Fast-anchor’d eternal O love! O woman I
love!
O bride! O wife! more resistless than I can tell,
the thought of you!
Then separate, as disembodied or another born,
Ethereal, the last athletic reality, my consolation,
I ascend, I float in the regions of your love O man,
O sharer of my roving life.
} Among the Multitude
Among the men and women the multitude,
I perceive one picking me out by secret and divine
signs,
Acknowledging none else, not parent, wife, husband,
brother, child,
any nearer than I am,
Some are baffled, but that one is not—that
one knows me.
Ah lover and perfect equal,
I meant that you should discover me so by faint indirections,
And I when I meet you mean to discover you by the
like in you.
} O You Whom I Often and Silently Come
O you whom I often and silently come where you are
that I may be with you,
As I walk by your side or sit near, or remain in the
same room with you,
Little you know the subtle electric fire that for
your sake is
playing within me.
} That Shadow My Likeness
That shadow my likeness that goes to and fro seeking
a livelihood,
chattering, chaffering,
How often I find myself standing and looking at it
where it flits,
How often I question and doubt whether that is really
me;
But among my lovers and caroling these songs,
O I never doubt whether that is really me.
} Full of Life Now
Full of life now, compact, visible,
I, forty years old the eighty-third year of the States,
To one a century hence or any number of centuries
hence,
To you yet unborn these, seeking you.
When you read these I that was visible am become invisible,
Now it is you, compact, visible, realizing my poems,
seeking me,
Fancying how happy you were if I could be with you
and become your comrade;
Be it as if I were with you. (Be not too certain but
I am now with you.)
[Book VI]
} Salut au Monde!
1
O take my hand Walt Whitman!
Such gliding wonders! such sights and sounds!
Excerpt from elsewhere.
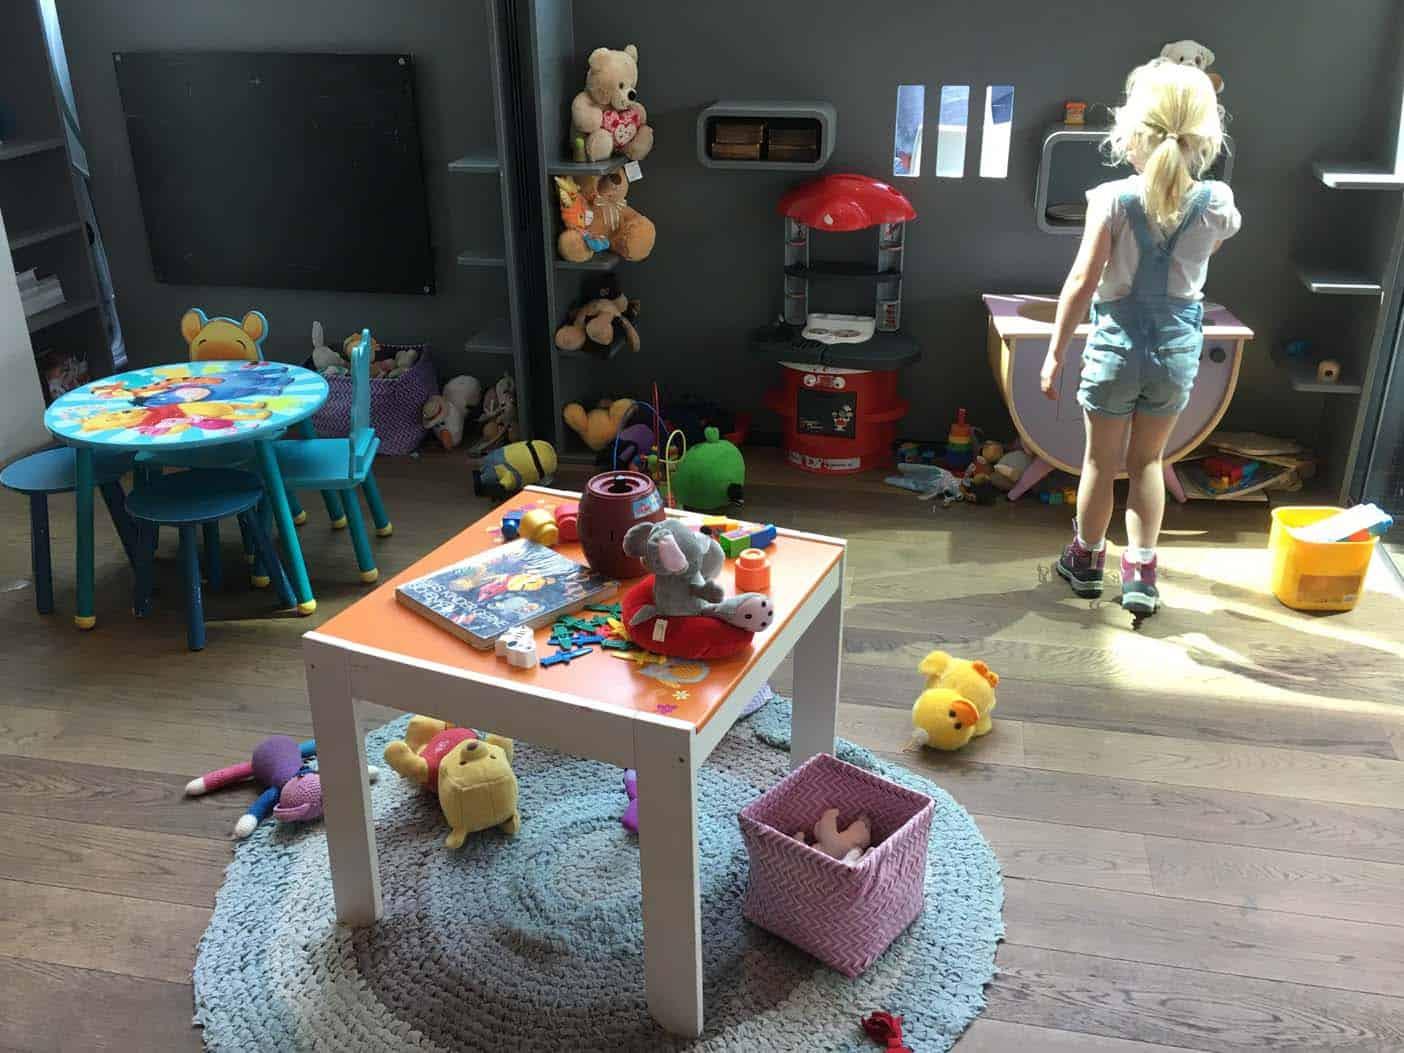 kindvriendelijk restaurant innsbruck

Such join’d unended links, each hook’d
to the next,
Each answering all, each sharing the earth with all.
What widens within you Walt Whitman?
What waves and soils exuding?
What climes? what persons and cities are here?
Who are the infants, some playing, some slumbering?
Who are the girls? who are the married women?
Who are the groups of old men going slowly with their
arms about
each other’s necks?
What rivers are these? what forests and fruits are
these?
What are the mountains call’d that rise so high
in the mists?
What myriads of dwellings are they fill’d with
dwellers?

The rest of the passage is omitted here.